TEMPO.CO, Denpasar - Okky Madasari membahas karya terbarunya Kerumunan Terakhir di Taman Baca Kesiman, Denpasar, Minggu, 5 Juni 2016. Novel kelima Okky yang diluncurkan di ASEAN Literary Festival, Jakarta, awal Mei 2016, itu menggambarkan seorang tokoh yang berinteraksi dengan Internet.
"Kerumunan terakhir menunjukkan kaburnya batas. Manusia zaman sekarang tidak mampu membedakan mana yang nyata atau dalam dunia Internet," kata Okky dalam diskusi yang dimoderatori Atrari Senudinari, pegiat Jatijagat Kampung Puisi.
Penulis kelahiran 30 Oktober 1984 itu menjelaskan dalam novel tersebut paradoks menjadi tulang punggung cerita. Okky menuturkan, di zaman sekarang manusia hidup terpapar teknologi, cenderung memuja kecanggihan, dan hidup dalam kegagapan. "Kegagapan tidak bisa mengikuti ambisi yang utuh dalam merespons kenyataan yang ada," tuturnya.
Okky mengaku ketika menulis novel Kerumunan Terakhir dia juga dipengaruhi beberapa literatur nonfiksi. Pemikiran filsuf Prancis, Michel Foucault, diakui Okky sangat memberi pengaruh terhadap novel Kerumunan Terakhir. Bagi Okky, sumbangsih pemikiran Foucault memberi pemahaman tentang pertarungan narasi dan pengetahuan manusia.
"Saya sangat percaya bahwa pada akhirnya nilai tatanan, kebenaran itu tidak ada yang posisinya lebih benar atau lebih baik dari yang lain. Yang terjadi adalah mana yang menjadi wacana dominan dalam masyarakat dan itu selalu terkait dengan kekuasaan," katanya.
Baca Juga:
Okky menjelaskan banyaknya manusia di zaman sekarang yang percaya dengan media sosial menjadi salah satu contohnya. "Pendapat seseorang bisa dianggap kebenaran hanya karena seleb-tweet, followers-nya banyak, itu harus kita kritisi," tuturnya. Melalui novel tersebut, ia ingin menunjukkan kepada pembaca bahwa segala yang seolah dominan itu belum tentu benar, yang seolah diminati banyak orang belum tentu benar.
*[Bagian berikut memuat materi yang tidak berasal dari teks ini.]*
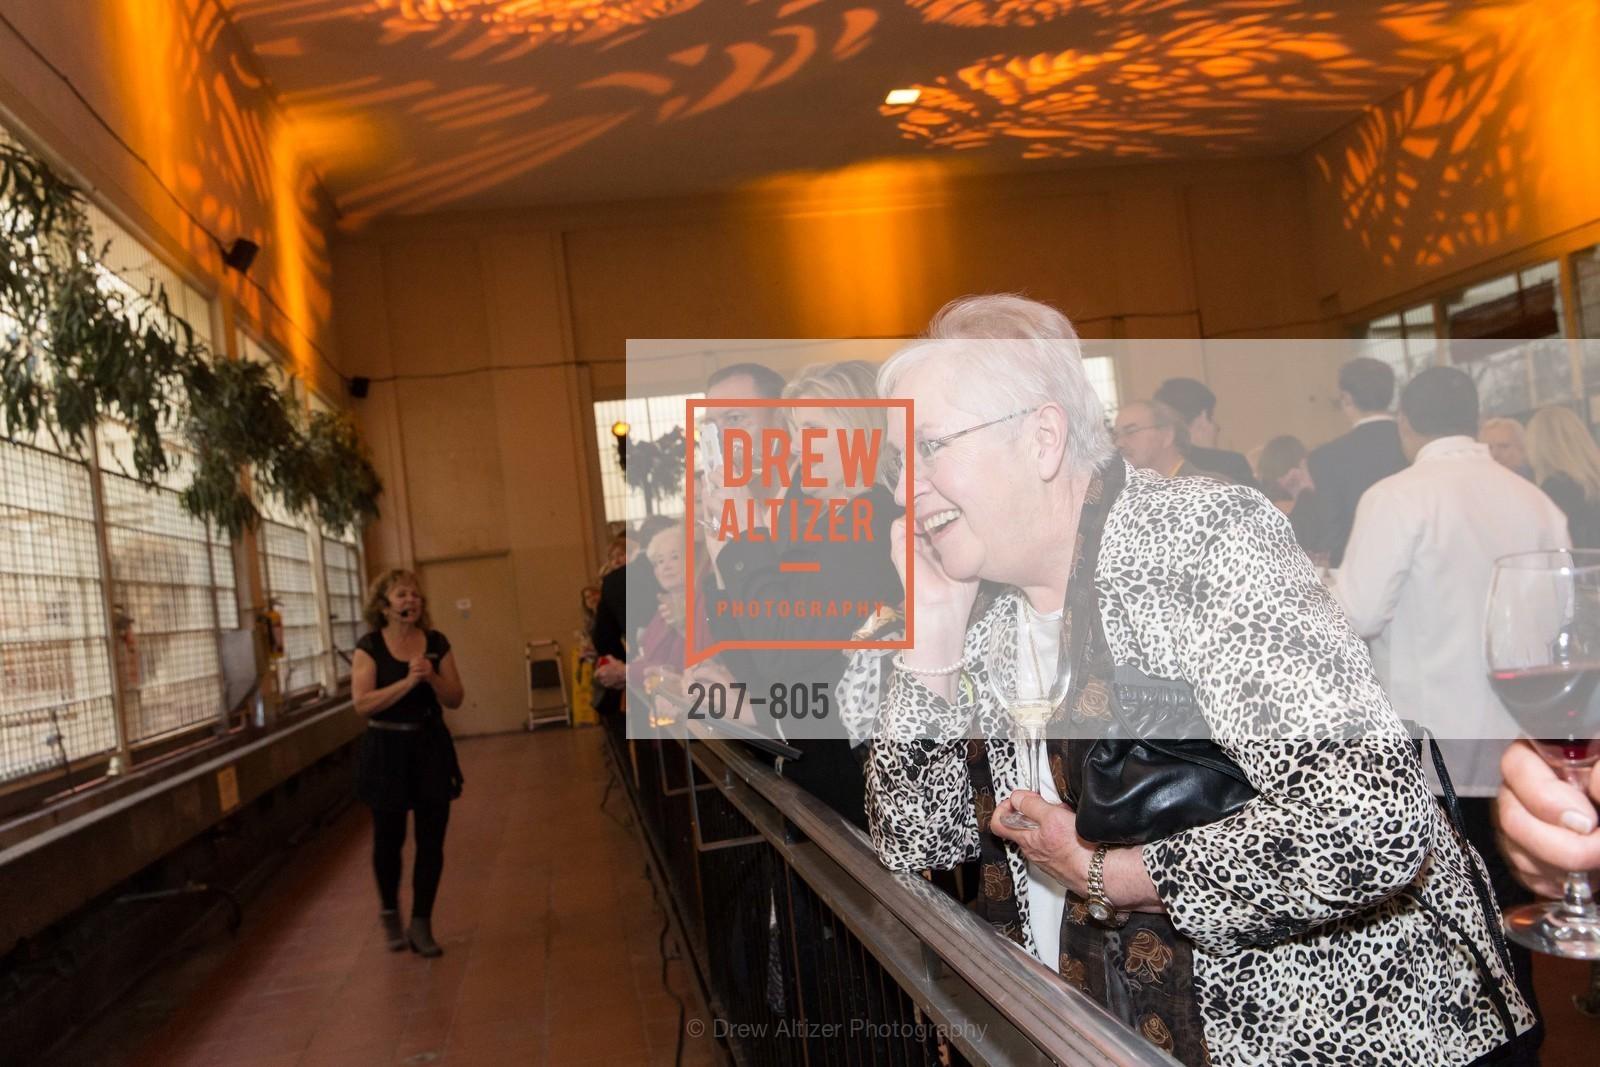 Extras, ZOOFEST 2015, April 25th, 2015, Photo,Drew Altizer, Drew Altizer Photography, full-service agency, private events, San Francisco photographer, photographer california

Ni Made Purnama Sari dalam pembahasannya mengatakan hampir setiap karya tulisan tidak pernah berjarak dengan kehidupan sehari-hari. "Artinya, untuk membuat sebuah cerita tetap membutuhkan metode riset, tapi diolah secara kreatif," kata Purnama.
Purnama menuturkan, dalam novel Okky, ada unsur yang memandang kenyataan diungkap secara kreatif. "Menampilkan sebuah peristiwa nyata dialirkan bertutur dan menarik. Penulis membuat pembaca merenung dalam aneka paradoks yang ada di dalam karyanya," tutur pemenang II Sayembara Manuskrip Buku Puisi Dewan Kesenian Jakarta 2015 ini.